Australian researchers at the Walter and Eliza Hall Institute of Medical Research (WEHI) in Melbourne have developed new yeast- and antibody-based methods to determine how tryptophan C-mannosylation, an unusual protein glycosylation modification, impacts the stability and function of disease-relevant proteins.
Reported in the February 5, 2021, edition of Nature Chemical Biology, the study of how certain sugars modify proteins can not only be used to map the prevalence of this protein modification in healthy tissues, but may also lead to the development of drugs targeting aberrant glyosylation for diseases, including muscular dystrophy and cancer.
"There is an unmet need for treating diseases such as muscular dystrophy, although I should stress that all we've shown is that a protein involved in some muscular dystrophies is modified with tryptophan C-mannosylation and it remains unknown if this is required for protein function, or even if it contributes to the onset of some muscular dystrophies," said study leader Ethan Goddard-Borger.
"Although several other studies have shown the importance of tryptophan C-mannosyaltion for protein stability, ours provides a more comprehensive examination of this phenomenon and is the first report of the modification impacting protein function," said the associate professor and laboratory head of WEHI's Chemical Biology Division.
Approximately 90% of proteins on the surface of human cells and half of the cells' total proteins are glycosylated, with modifications ranging from the addition of a single sugar, to long complex polymer chains. However, their distribution, variability and biological functions remain poorly understood.
The objectives of the new WEHI study were therefore to derive an improved understanding of the roles of aberrant glycosylation in both health and diseases including cancers.
"A range of diseases feature aberrant cellular glycosylation, including congenital disorders of glycosylation and lysosomal storage disorders, among others, including cancers," said Goddard-Borger.
"Many, but not all, cancer cells possess aberrant glycosylation. However, as every cancer is different and evolves over time, it's difficult to make broad statements about which tumor subsets do and don't have aberrant glycosylation," he told BioWorld.

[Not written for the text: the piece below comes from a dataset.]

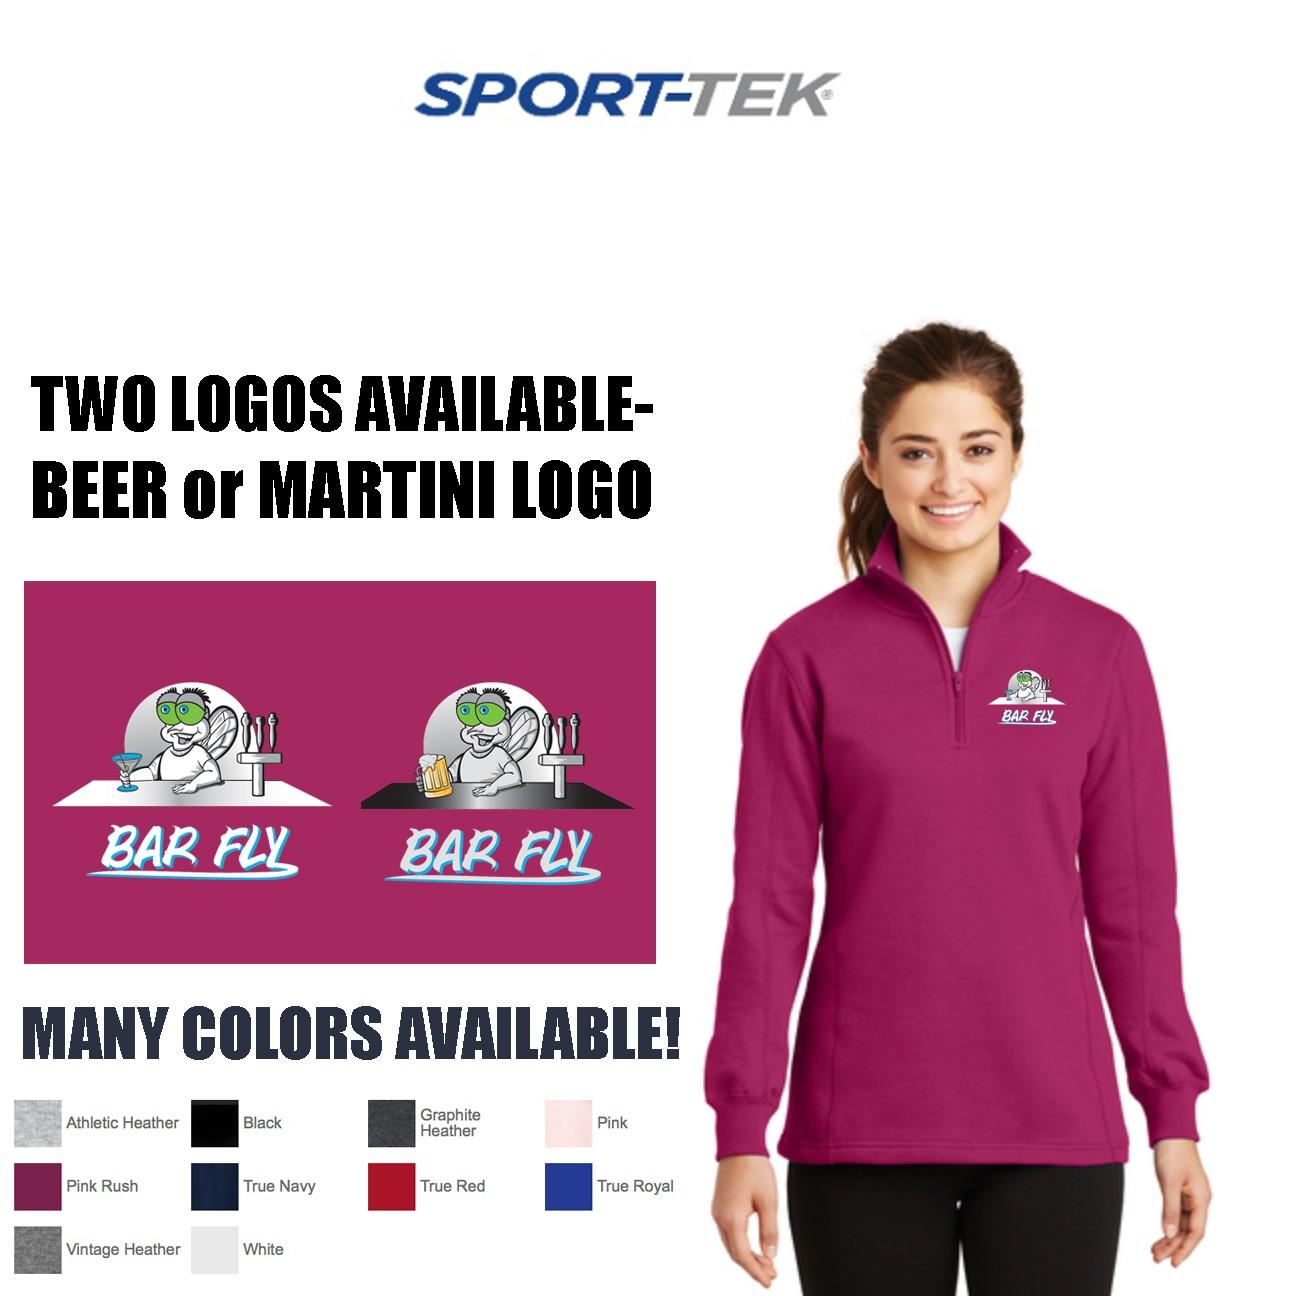 Bar Fly Apparel Sport Tek 1 4 Zip Sweatshirt Womens Fit 0 reviews write a review. bar fly apparel sport tek 1 4 zip

Nevertheless, "this knowledge may yield new therapeutic strategies, although first a better understanding of what constitutes 'normal' glycosylation is required, before we can further develop drugs targeting protein glycosylation."
Glycosylation usually occurs on a protein's nitrogen or oxygen atoms, but can also occur on carbon atoms via tryptophan C-mannosylation, which is particularly poorly understood, prompting the WEHI team to develop tools and methods to investigate the phenomenon.
New tools & methods
"The methods we have developed combine state-of-the-art mass spectrometry techniques with recombinant antibody tools generated at WEHI," said Goddard-Borger.
"These methods will enable researchers to easily install this unusual modification on nearly any protein, allowing investigation of its effect on protein stability and function," he added.
Specifically, "we have shown that a common feature of tryptophan C-mannosylation is that it stabilizes proteins. Diverse, unrelated proteins all appear to be more stable once modified and some proteins' functions can be modulated by tryptophan C-mannosylation."
Goddard-Borger said the new the tools will also enable the abundance of this poorly understood protein modification to be determined in healthy and diseased tissues, while boosting global efforts to map and understand protein glycosylation in health and disease.
"We've reported some really unexpected results regarding the prevalence of this modification in healthy brain tissue," he noted.
"We found the modification on many proteins that were not previously known to be modified, and at sites on the protein that were not expected to be modified, which may help identify therapeutic targets."
Regarding drug development, "blocking tryptophan C-mannosyaltion destabilizes some proteins and alters their functions. If those proteins are involved in the onset of a disease, inhibiting tryptophan C-mannosyaltion may prevent that particular disease, which is the focus of our ongoing investigations," Goddard-Borger told BioWorld Science.
The WEHI researchers are now extending this work to map the modification across most tissues in the body, in order to better understand the biology of this form of protein glycosylation, as well as its role in cancer and muscular dystrophies.
"Determining what proteins are modified, and where they are modified, is the important first step towards a better understanding of the biological roles of this protein modification," said Goddard Borger.
Therefore, in the near future "we hope to provide a more complete picture of the mammalian C-glycome; a study that will be enabled by the tools we have reported here."